Расстановка сил и акцентов кажется на первый взгляд столь же очевидной, как и победа правого дела. Буржуазные националисты-подпольщики обречены, как обречена столь милая их сердцу «тутешня природна краса», которая должна «зникнути під дужим напором іншої краси- індустріі».
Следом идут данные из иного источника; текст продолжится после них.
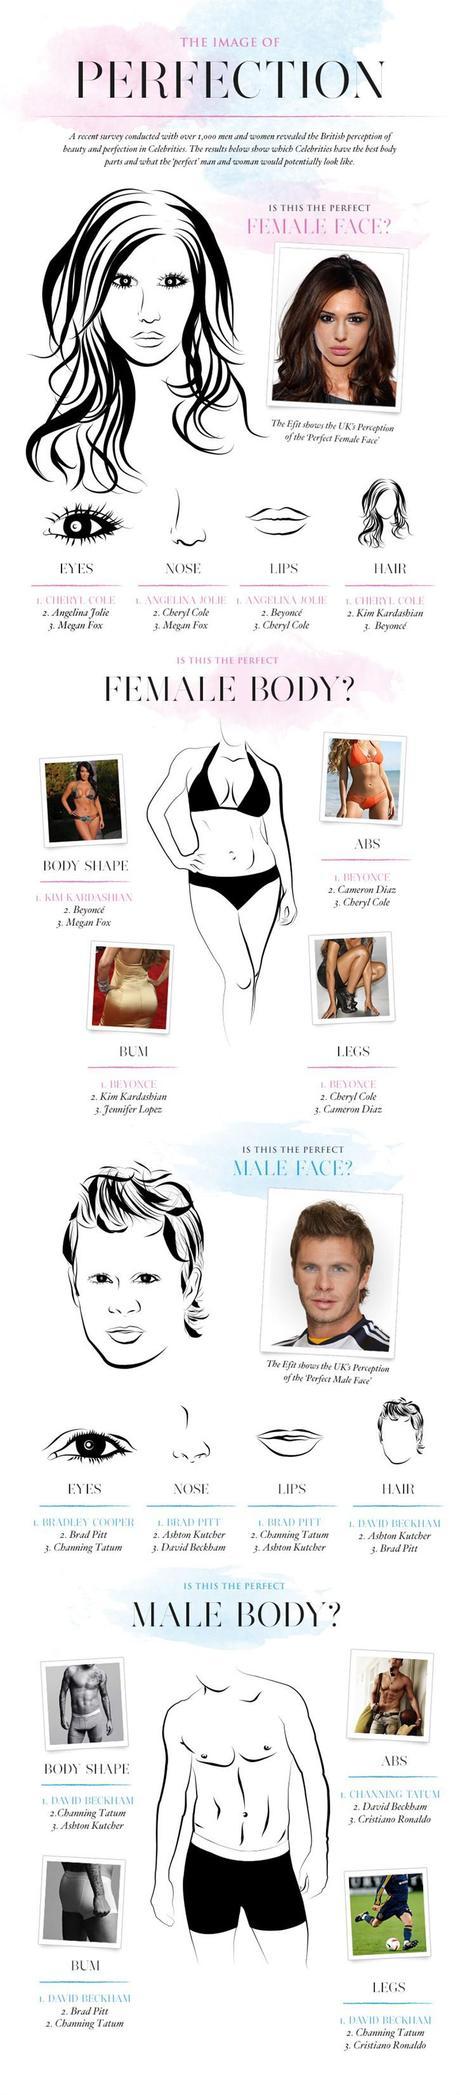 Infographic on British Perception of Beauty

Но если отрицательные персонажи защищают свою родину, свой вековой уклад против захватчиков, отнявших их землю, убивших их близких, а положительные персонажи ведут себя, как беспощадные, самоуверенные оккупанты, уверенные в своём праве обращаться с местными жителями, как с бесправным скотом (и с подлежащими уничтожению слизняками), то не принимаем ли мы за отрицательных персонажей положительных, и- наоборот? Во всяком случае, вполне очевидно, что у современных читателей, в большинстве своём придерживающихся несколько иного, чем инженер Смык, мнения относительно изображённых в повести конфликтов, сопереживание вызовут скорее воинствующие антисоветчики.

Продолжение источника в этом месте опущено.